What’s the different between a workshop and a clinic? I knew you were going to ask that, and I’m ready with an answer:

A Workshop is almost always over an entire weekend, usually a “long” weekend, while a clinic is only a couple of hours on one day only.

There, I’ve been wanting to define those two things for a while, now.

So what IS the job for which I’m Hiring???

Okay, okay, take it easy, I’ll get around to it sooner or later. What you do is, you get hold of a set of PM-1 and PM-3 pens — here are the colors you will certainly need:

White, light grey, dark grey, ivory, beige, yellow, straw yellow, red, brown, wine red, dark green, light green, dark blue, light blue and of course, black.

You’ll use your PM-1 Black pen to create the original drawing, then color that in with the other pens.

You can use the pens as area color fillers if they are allowed to dry between layers, or as painterly strokes, if they are applied wet-on-wet, which is admittedly not an easy task.

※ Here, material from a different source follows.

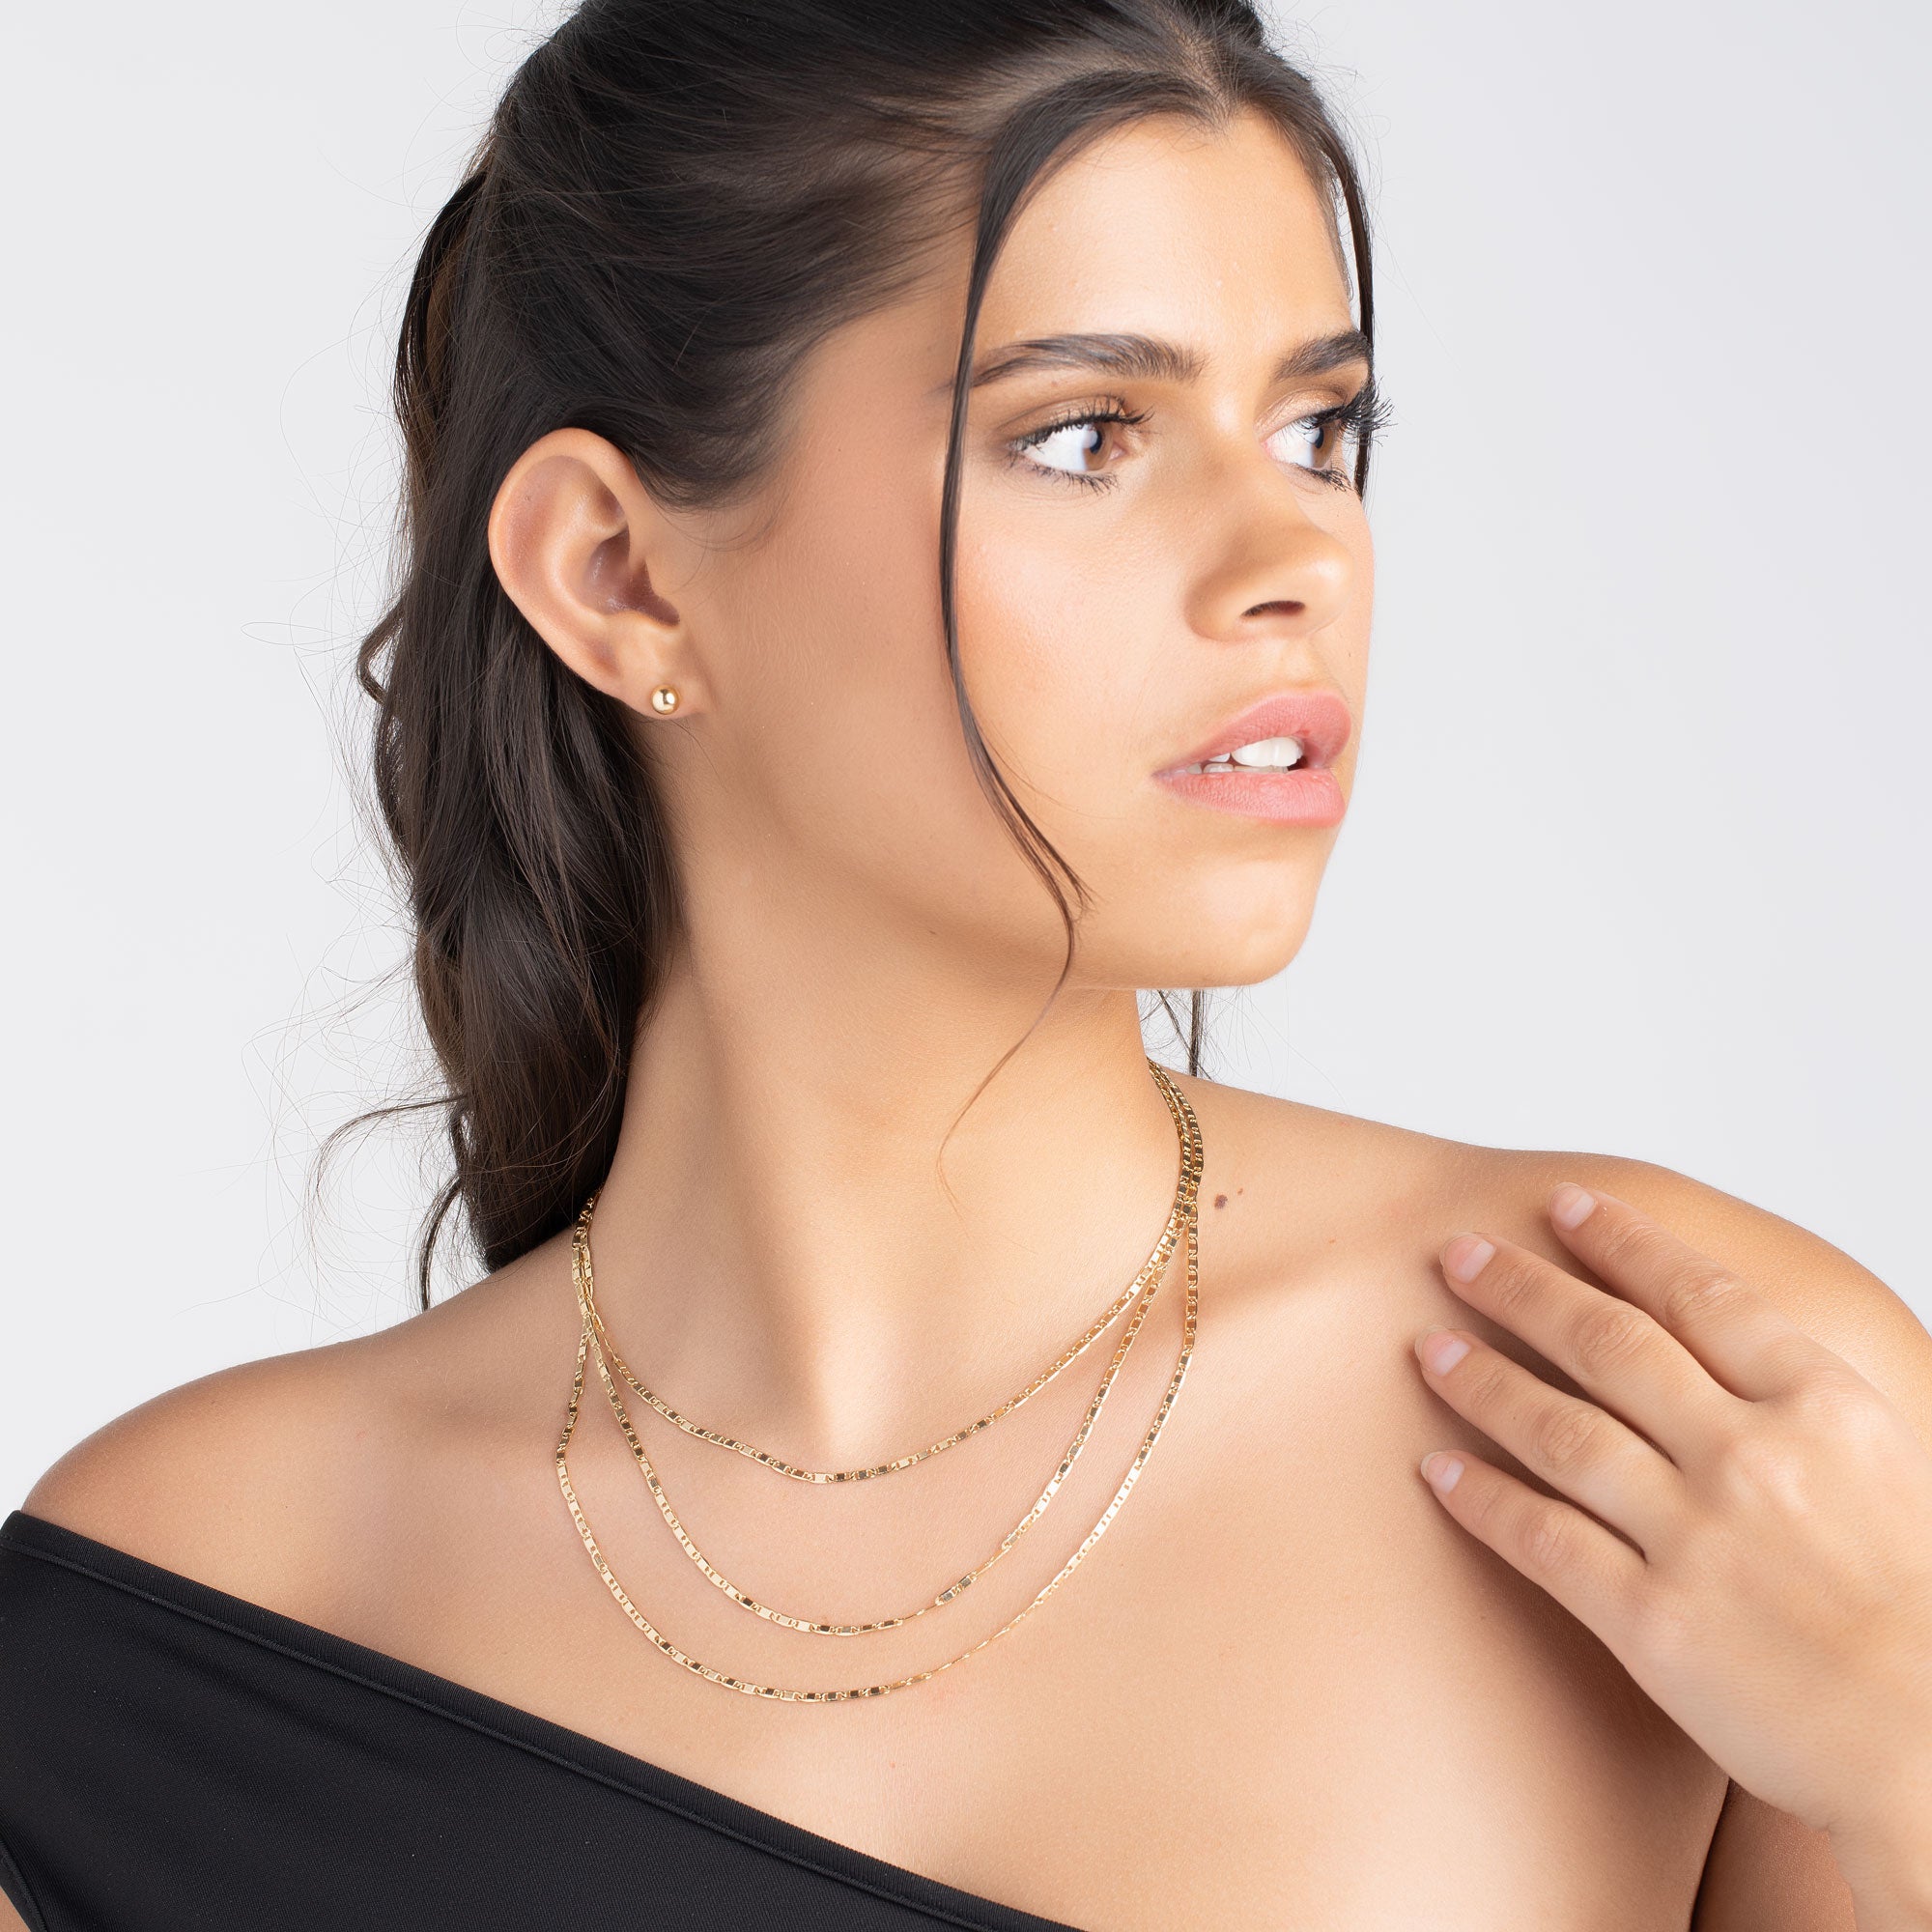 18K Gold Plated Mariner Layered Necklace, 16-20 inches, with a 2 inch extension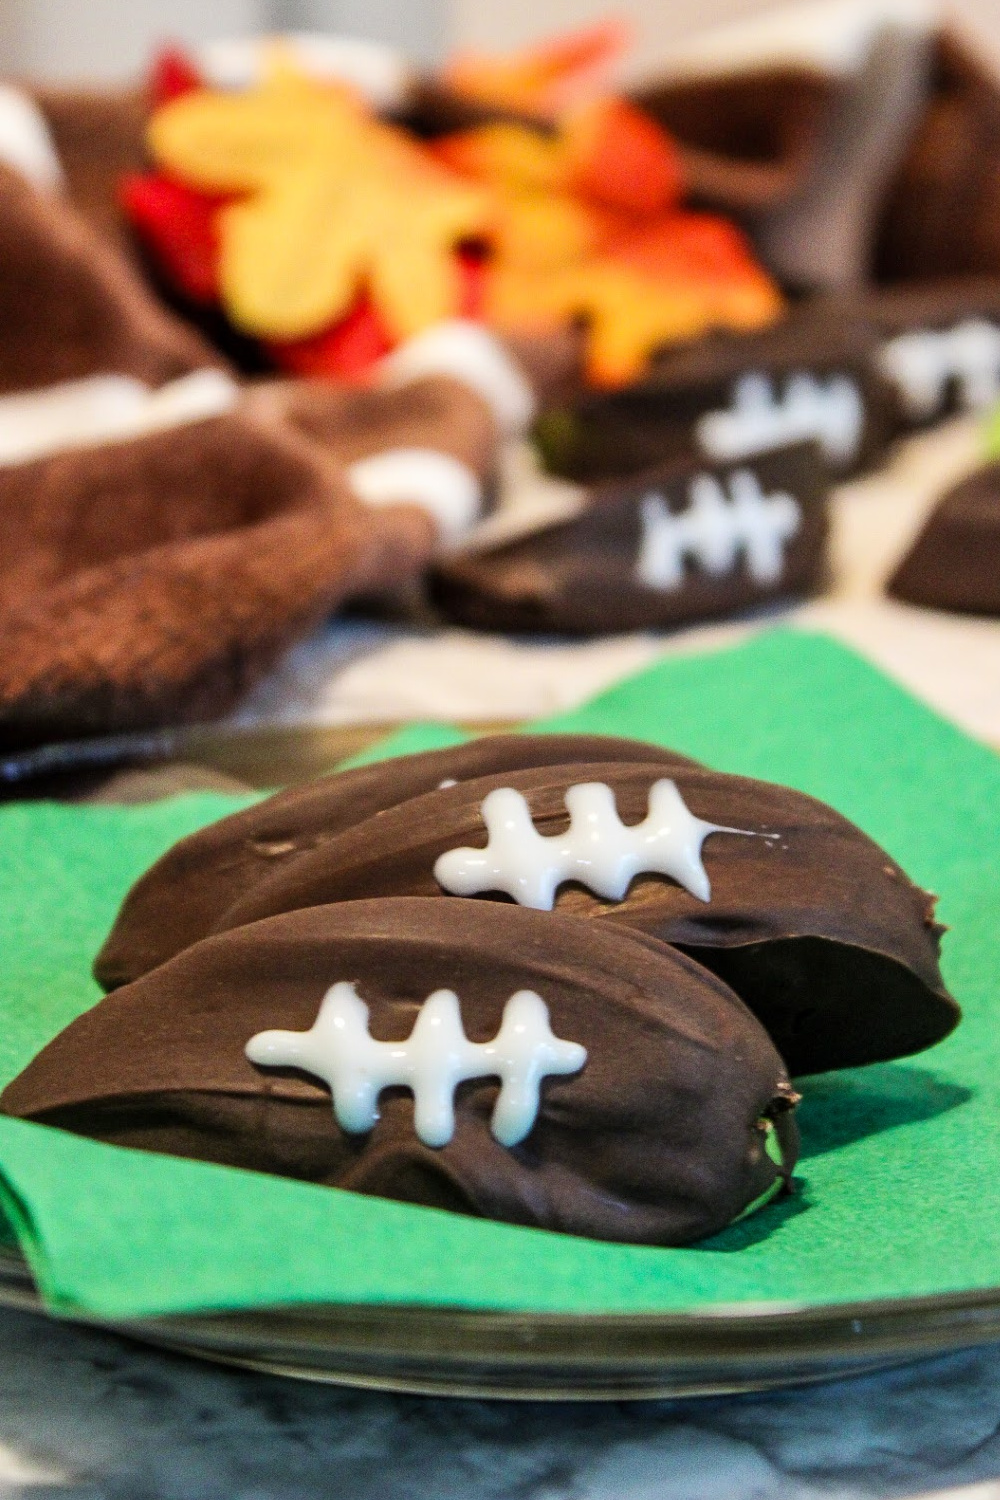 footballs that are covered with chocolate and shaped like footballs

The idea here is to get folks to buy them, sure, but that’s not what’s really happening — you’re leading them down a path that includes making and selling little painted boxes just like you’re doing now, get it?

It’s a way to bring someone into the Blessings Path, see?

If they come to ZOOM CLASS, they’ll learn how to imbue the boxes with powerful Blessings, and that’s how the Blessings are passed on and spread around.

Simple plan, simple execution. Start painting boxes. It doesn’t matter HOW they’re painted or in what style or what subject matter or what colors, or any of those considerations.

Just paint some boxes and sell them online. How do you sell boxes online? You go online, that’s the first step. Then you find out how. Nobody really knows, so invent it as you go.

Maybe you’re lousy at selling. Get good at it. Maybe you know nothing about social media or SMM marketing. Learn. Maybe you haven’t any painting skills or artistic talents, and you aren’t really truly interested.

So? What’s yer problem? Do it anyway. And love it.

How can you change your feelings and attitudes about things, especially work you might not like to do?

Just do it.

I give ZOOM classes on Willpower. It’s not hard to achieve. Takes a couple hours to master the skills to strengthen the Will.

Hey, there are dozens more ZOOM classes that I give, on the average of ten a week. In one of them, you learn how to make Blacklight Disks.

In another, you learn how to create a 3D game of your very own.

In yet another ZOOM class, I answer questions about the American Book of the Dead, and about death and dying in general.

In still another ZOOM class, I teach magic, hypnosis and seances, and I’ve been known to offer ZOOM classes in creative writing, silversmithing, coin searching and alien technology.

You have but to name it, and there’s probably a ZOOM class that we offer that will help you explore and master new domains of mystery and awe.

You might also be interested in the more mundane things, like cooking a perfect omelette.

So how can you get started?

Go to one of my ZOOM meetings and introduce yourself, and let’s talk about your path, what’s available to you, and how you can use those things for your further development and calming-down.

Mostly you need to calm down. Relax your mind, park your body, and get re-acquainted with the Spirit Plane.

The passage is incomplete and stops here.